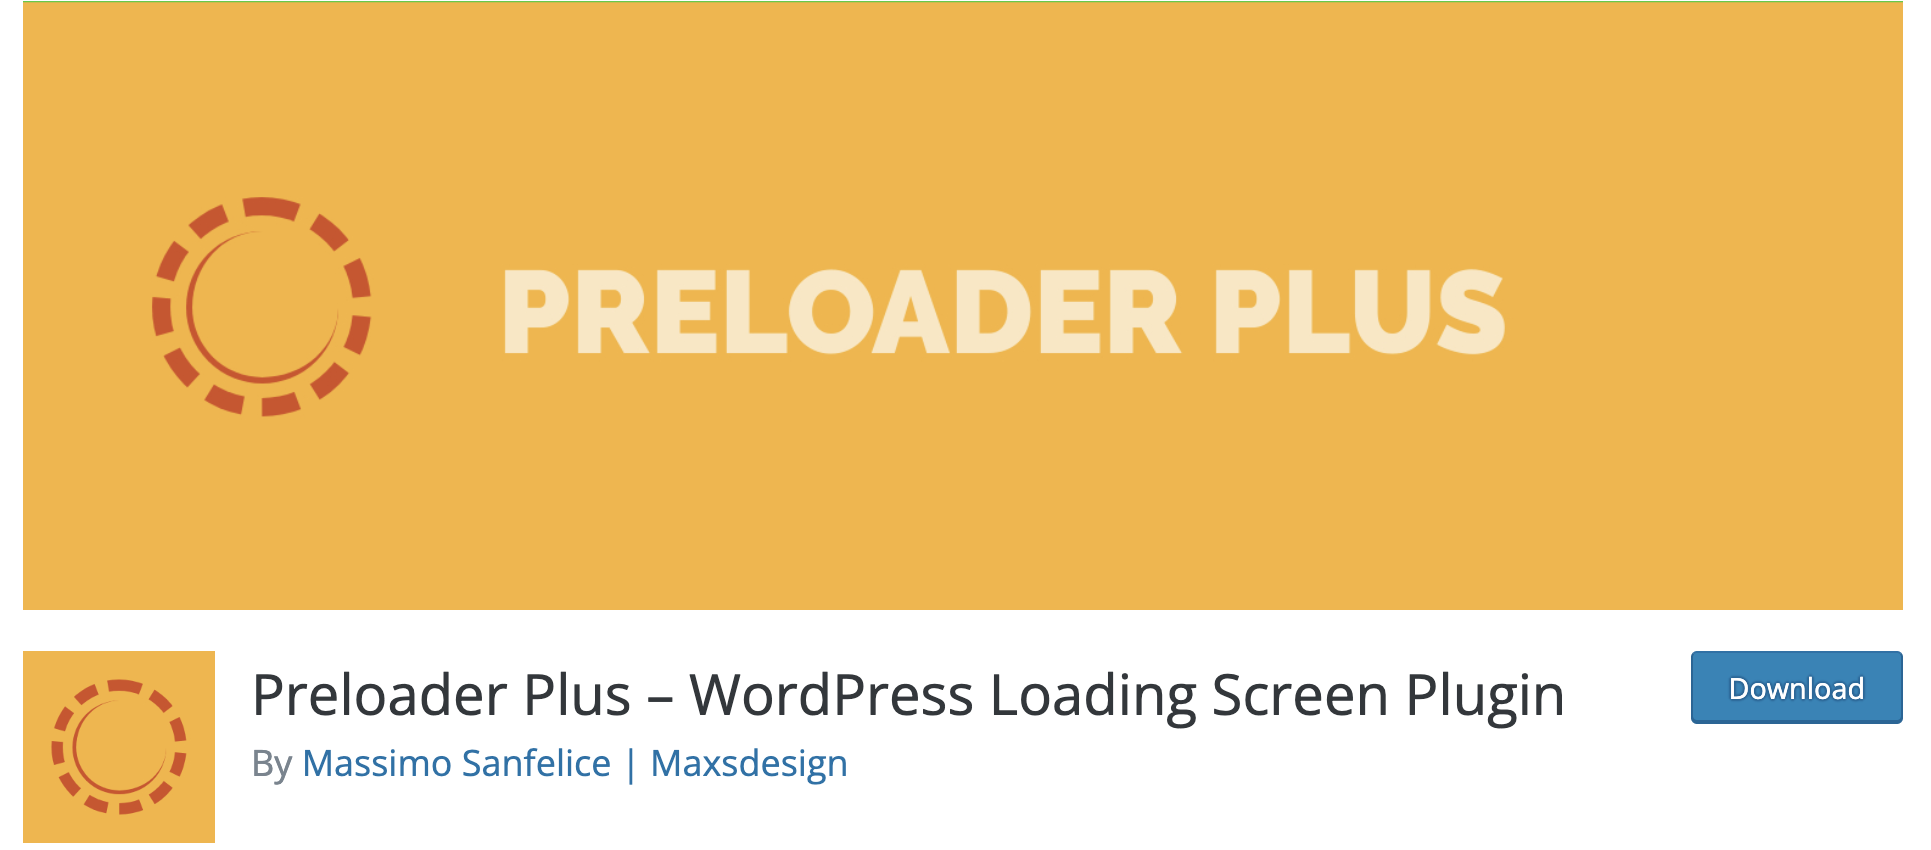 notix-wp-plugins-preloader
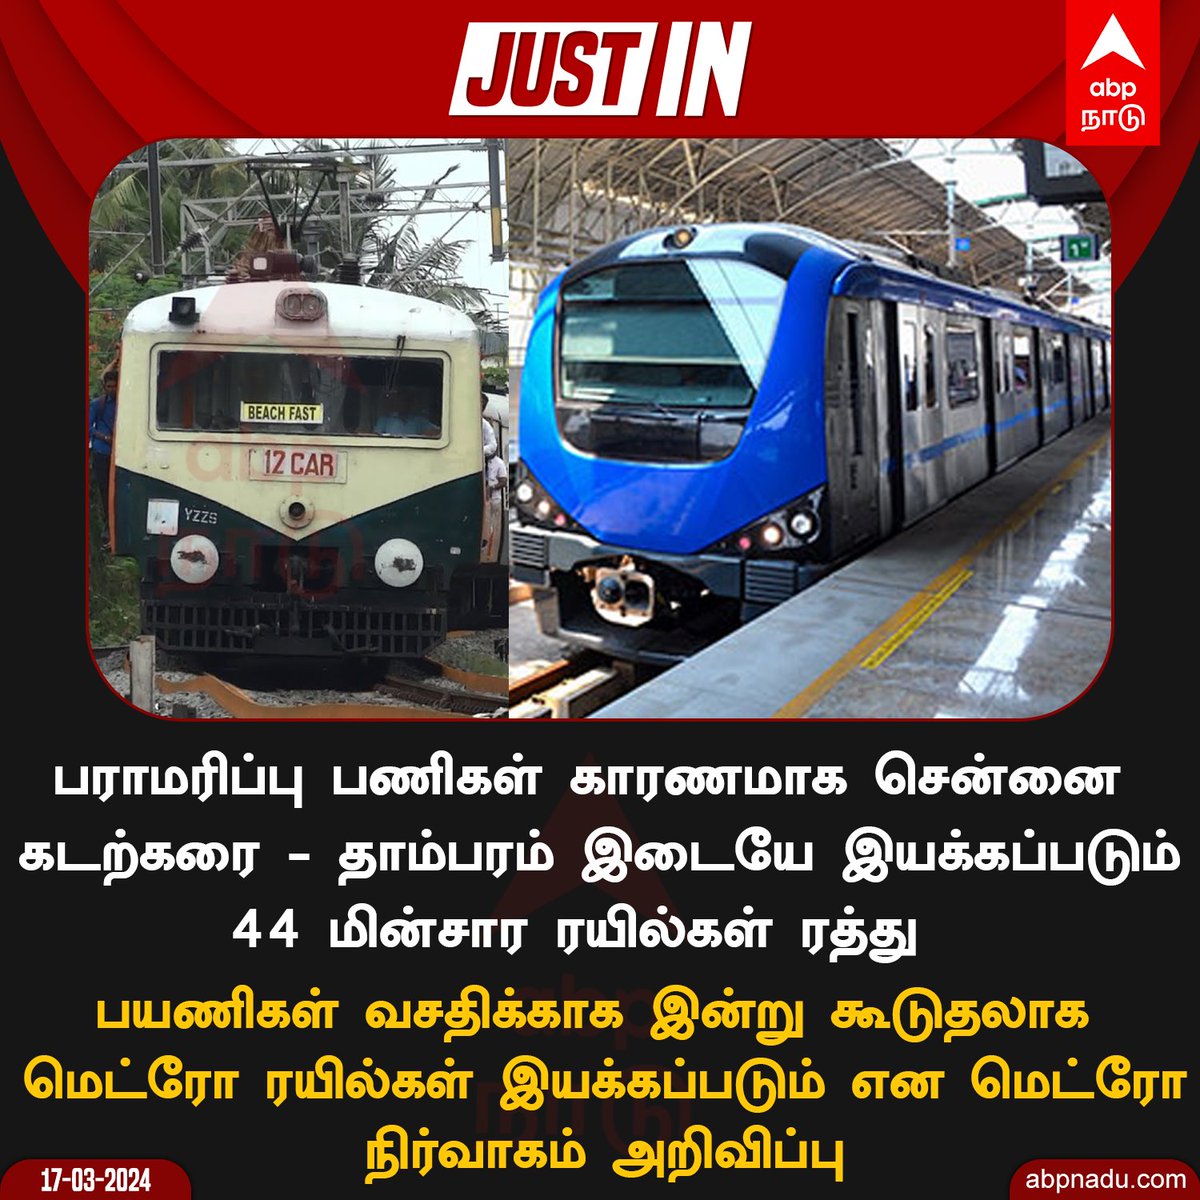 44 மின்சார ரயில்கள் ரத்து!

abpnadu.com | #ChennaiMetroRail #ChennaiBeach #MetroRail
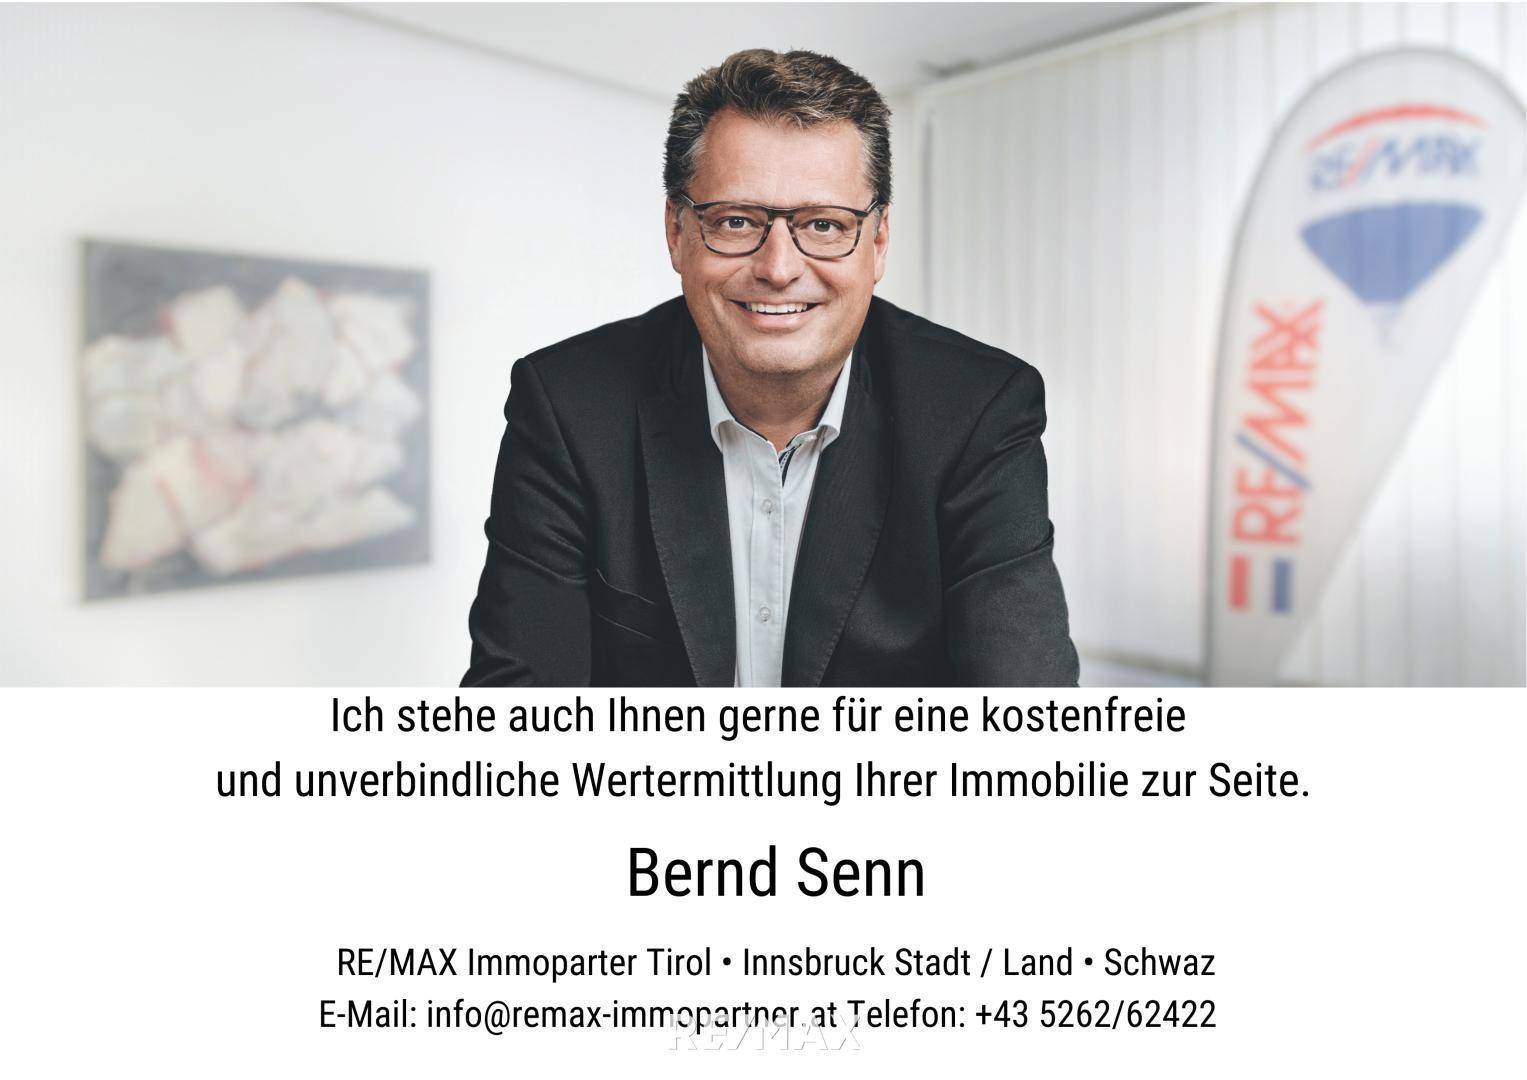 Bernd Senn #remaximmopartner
+ + + + + + +
Reproduce the listing word for word. Do not carry over the pictures.

**Exercise result:**
 notix-wp-plugins-preloader
 44 மின்சார ரயில்கள் ரத்து!

abpnadu.com | #ChennaiMetroRail #ChennaiBeach #MetroRail
 Bernd Senn #remaximmopartner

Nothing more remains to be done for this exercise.